At the narrowest point, the seawater ended abruptly. A faint, translucent membrane shimmered before him, separating the water from a dry chamber beyond. Ethan hesitated for a moment, then pressed forward.
The instant he crossed the barrier, everything shifted. The pull of gravity flipped, and his body dropped like a stone. He twisted in midair, glancing upward—what had been the tunnel behind him now hung above, the water glimmering at its mouth like a suspended pool. Somehow, by entering this inner chamber, his orientation had changed completely.
His mech’s thrusters flared, catching him before he hit the ground. The little Golden Dragon wasn’t so lucky—it tumbled helplessly through the air until Ethan grabbed it by the tail and steadied it. The creature blinked several times, dazed, before finding its balance again.
“Eeyah-yah!” it chirped suddenly, its eyes lighting up. It pointed downward and shot off before Ethan could stop it.
“Hey—wait!” Ethan lunged forward, snatching the reckless creature out of the air. If it ran into danger, he wouldn’t have time to react.
Below them stood a structure that looked like an altar, eerily similar to the one on the island above. At its center rested a massive, spherical object glowing with a dim, sinister light. Heavy chains bound it in place, forming a cage that imprisoned the egg-shaped orb.
Ethan held the struggling Golden Dragon close as it thrashed and nipped at his fingers, its eyes locked greedily on the orb. Drool almost hung from its mouth.

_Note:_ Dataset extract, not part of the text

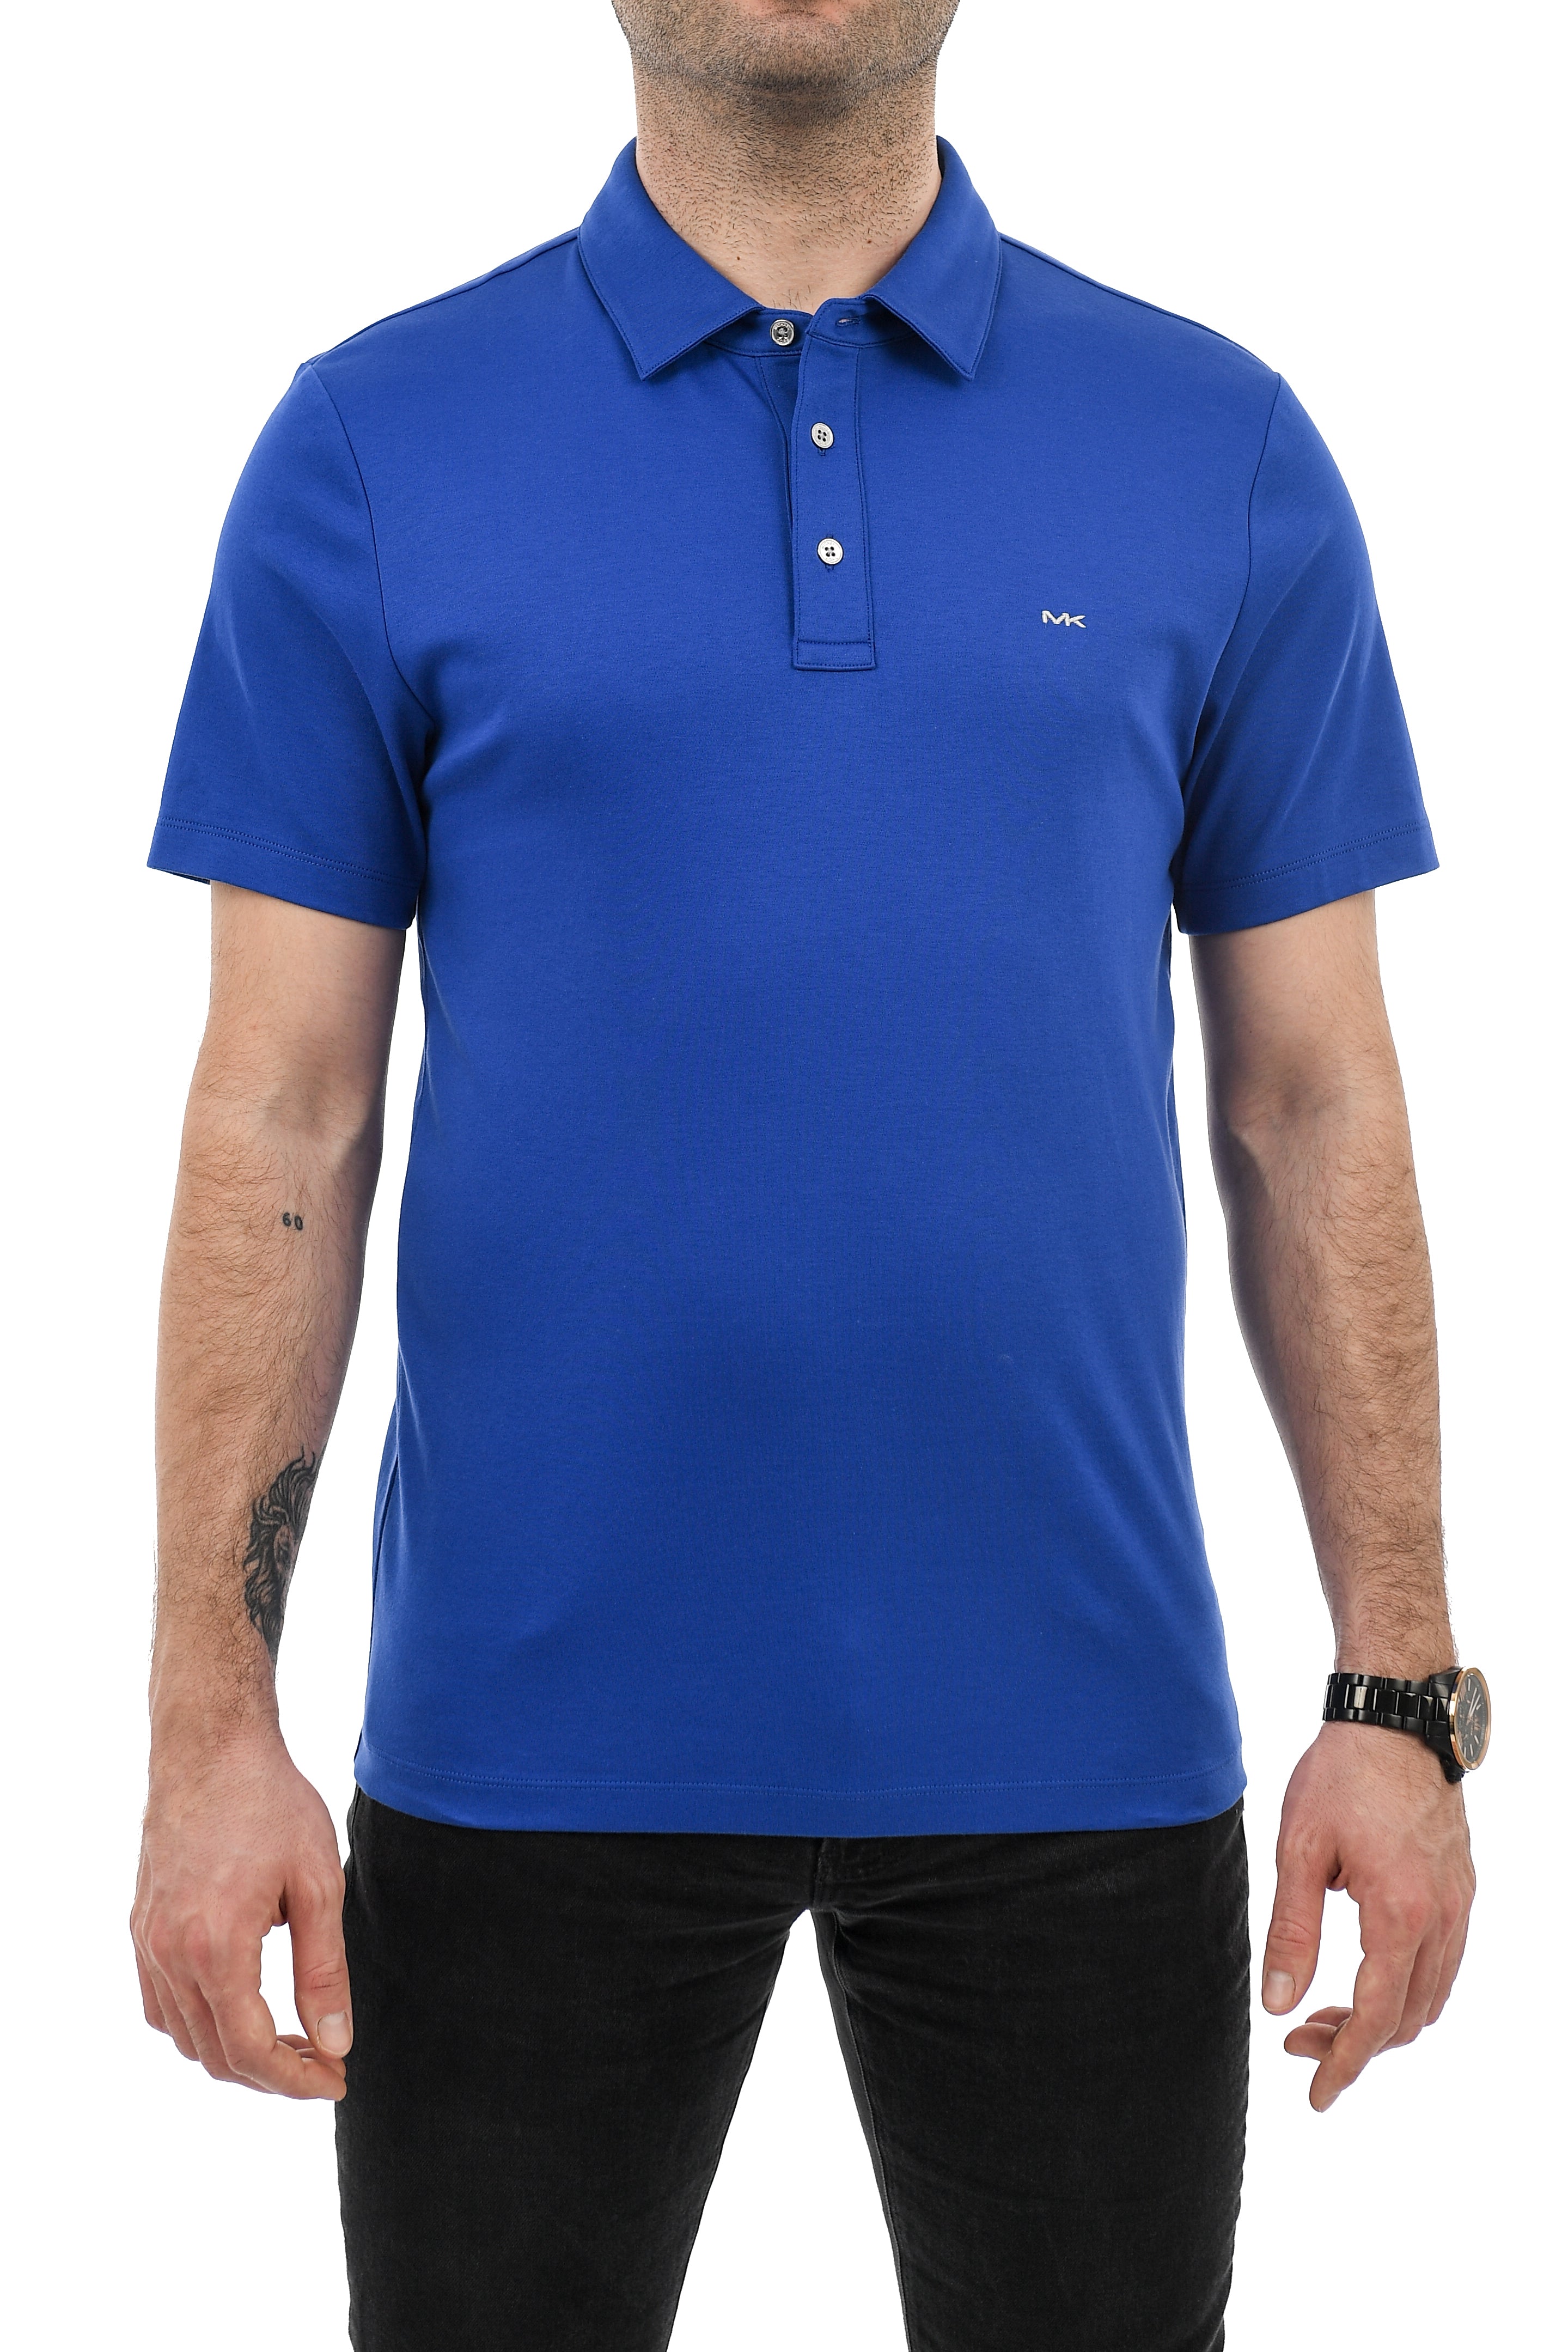 Michael Kors Short Sleeve Polo Shirt Royal Blue

“You want to eat it?” he asked, half incredulous.
The dragon froze at his words, then nodded eagerly, pointing again toward the orb.
Ethan hesitated. He could feel the energy radiating from the thing—an aura that echoed the Dragon Child and the Golden Dragon itself, yet beneath it lurked something darker, twisted and malevolent.
He floated there, eyes narrowed, studying the chained egg as the dim light pulsed like a heartbeat.
Whatever this was, it wasn’t just a relic or a treasure. Something alive was sealed inside.